I don’t need validation from others, I don’t expect it. Unlike you, I’m not insecure. I don’t need to feel better about myself for the things I say and do. My views are my views. Take it or leave it. And theirs is theirs. I give my opinions whether it’s different from theirs or not. But I would never chastise someone for their beliefs, even if it was different from mine. Unless of course they are like you, who can’t stand their opinions to be criticized, and attack because they felt “undermined”. Or are called out because their opinions are discriminatory and disrespectful. This topic doesn’t need any facts. It’s all about common sense and respect. Which, again, if you read back YOUR OWN posts, you showed none. Just in case you forgot here’s a hint: You assume everyone outside your little circle has dirty kitchens, and throwing away something you accepted with a “smile”. Check. lol
How about this: Right now, you’re both annoying, and gosh I wish we had a proper forum so you could take it to private messaging.

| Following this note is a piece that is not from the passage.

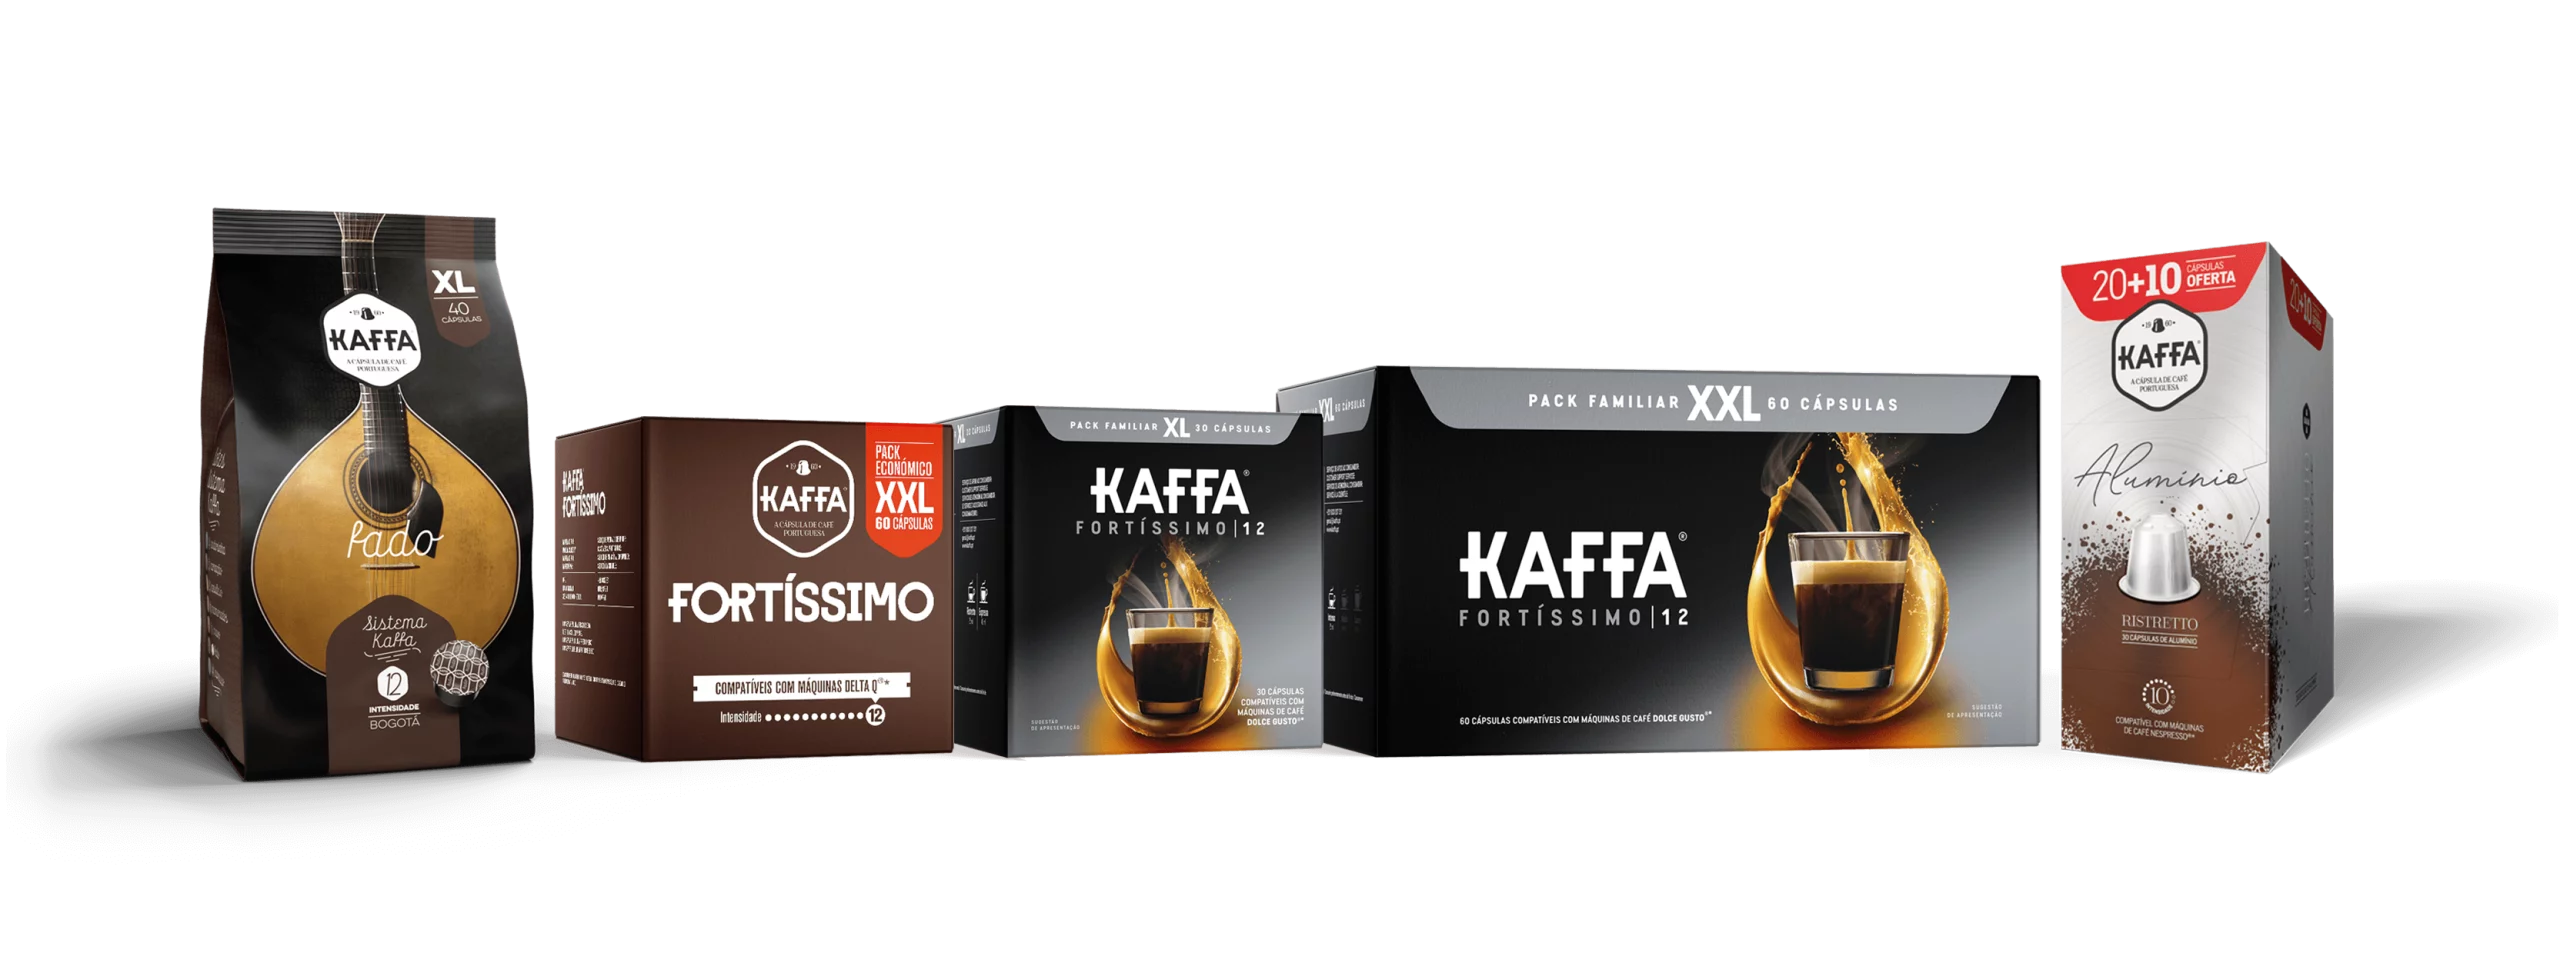 Kaffa-Packs-Promocionais

Oh Eric so NOW you are backtracking and saying that you were just giving your opinion? Funny because earlier you were saying you “proved me wrong with facts”. So which is it? I can’t be wrong about an opinion. No one can. So you did not prove me wrong. I told you to kiss my butt because I found what you said stupid and insulting and wrong. So what? I also felt you were aiming it at me which you pretty much admitted you did. So I responded. Go cry into your pillow someone said something semi mean to you, Boo hoo,
I actually gave out homemade chocolate chip cookies for trick-or-treaters to eat as they walked around. I blogged about it here – http://katfrog.wegrok.net/2011/10/my-halloween-mission-chocolate-chip.html, and I updated my Halloween mission here – http://katfrog.wegrok.net/2011/11/my-halloween-mission-success.html
hmm… my main qualm about doing this (because I love baking and would love to pass out homemade treats) is that I don’t believe most kids would actually get to eat them. I mean, I was raised more or less free-range, but even my parents wouldn’t have let us eat homemade or unwrapped stuff on Halloween. Were they right? Probably not. But they thought they were, and I thought so at the time. So when a kindly neighbor lady dropped homemade cookies or popcorn balls into my bag, my reaction was disappointment – that was a dead house, no edible treats from there.
I’m interested to hear these statistics (or lack thereof) on dangerous Halloween candy, and I’ll certainly take them into account when my own kid is old enough to trick-or-treat and I have to make those same decisions… but when it comes to handing out stuff at my house? I’m not gonna take a chance on disappointing some poor kid just to make a point to their parents.